I wonder if there is a way to see how physical monitor quality and size improvements have led to more complicated code, nevermind moving off of punch cards.

[-]

morshu9001 5 hours ago

The type of monitor doesn't matter a whole lot because it's really limited by human eyesight. High-res monitor will enable rendering things tiny if you disable hi-dpi, but then it's unreadable. If you use a big 8K TV to display everything larger, you have to sit further away to comfortably view it. If you add more monitors, at some point it becomes too hard to look at so many things at once.

Personally, my setup has shown the same number of vim rows/cols on my 4K monitor vs my 1080p one (or whatever you call the 16:10 equivalents).

[-]

nine_k 4 hours ago

The effective resolution of the eye should be an angular value. I'd say that the smallest comfortable size of text characters for me is about 1/8° wide. I see the width of my 14" FHD laptop screen at about 30°, so the full width contains about 240 characters. This is a large upgrade from 80 columns of VT220 or VGA, and almost twice as much as the densest VT220 mode of 132 columns.

My 28" 4K monitor is exactly like four 14" FHD screens put together. It offers me 480 columns (a bit fewer, because window borders and scroll bars of multiple windows).

So indeed, better screens allow me to see much more text than poorer screens of old. There is a limit, but definitely it was not reached 30-40 years ago yet.

adrianN 2 hours ago

I can read small things much better on a high res monitor.

WillAdams 5 hours ago

For a longer, more detailed take on this see:

https://www.youtube.com/watch?v=bmSAYlu0NcY

which is for the book:

https://www.goodreads.com/book/show/39996759-a-philosophy-of...

[-]

schrodinger 4 hours ago

This needs more than just an upvote — that's one of the best software engineering books I've ever read!

imiric 3 hours ago

What an arrogant, wordy, and partly wrong take on this matter.

No, LoC is not a dumb metric. In the same way that cognitive complexity, code coverage, and similar metrics aren't. CC is definitely not "superior" to LoC, it's just different.

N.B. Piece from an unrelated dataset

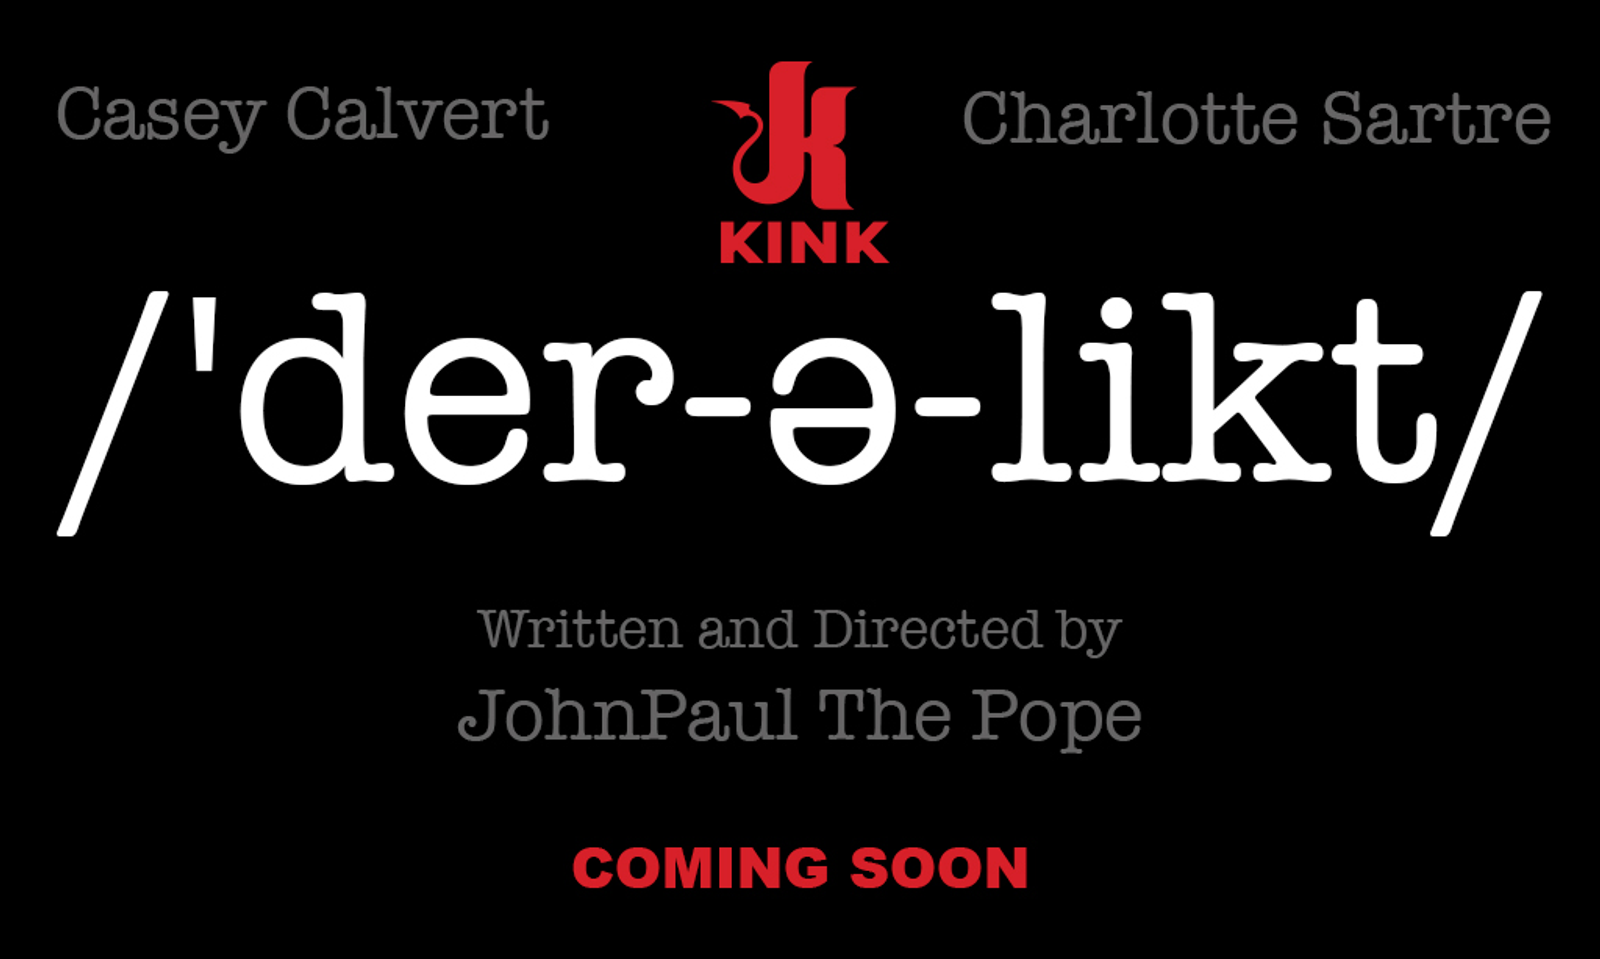 Kink Director JohnPaul the Pope Prepping New Thriller 'Derelikt'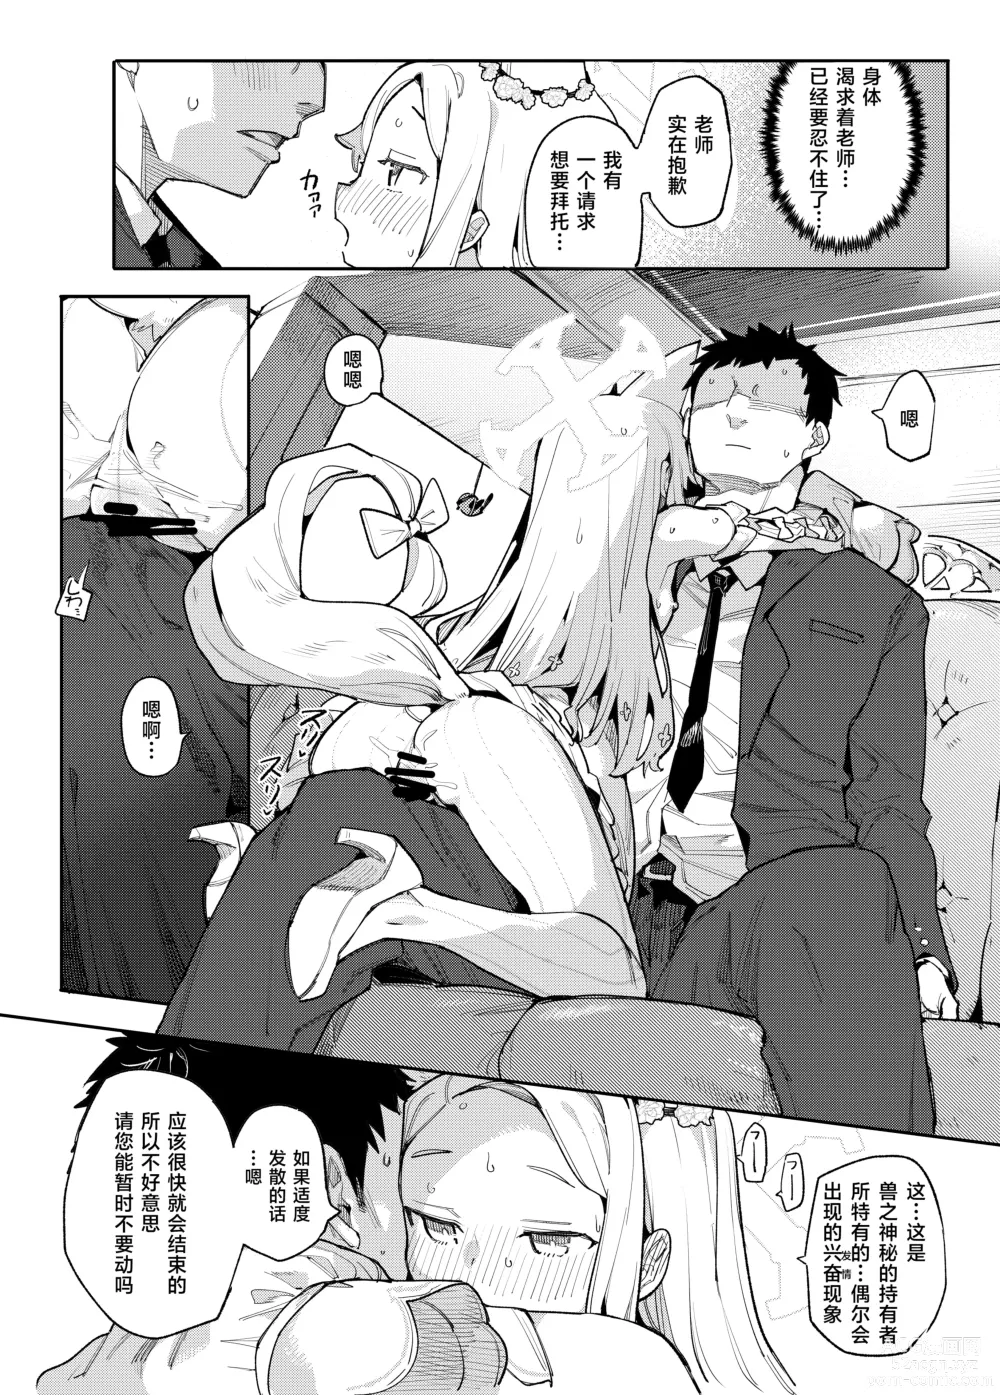 Page 5 of doujinshi 雌性狐狸看到了充满色情的未来

These are all signals that point to a piece of code that might need further attention. It is then up to the developer to decide whether to do something about it, or not.

You know what's dumb? Being dogmatic, one way or the other. There are very few hard rules in software development—they're mostly tradeoffs. So whenever I hear someone claiming that X is always bad or always good, I try to poke holes in their argument, or just steer clear from their opinion.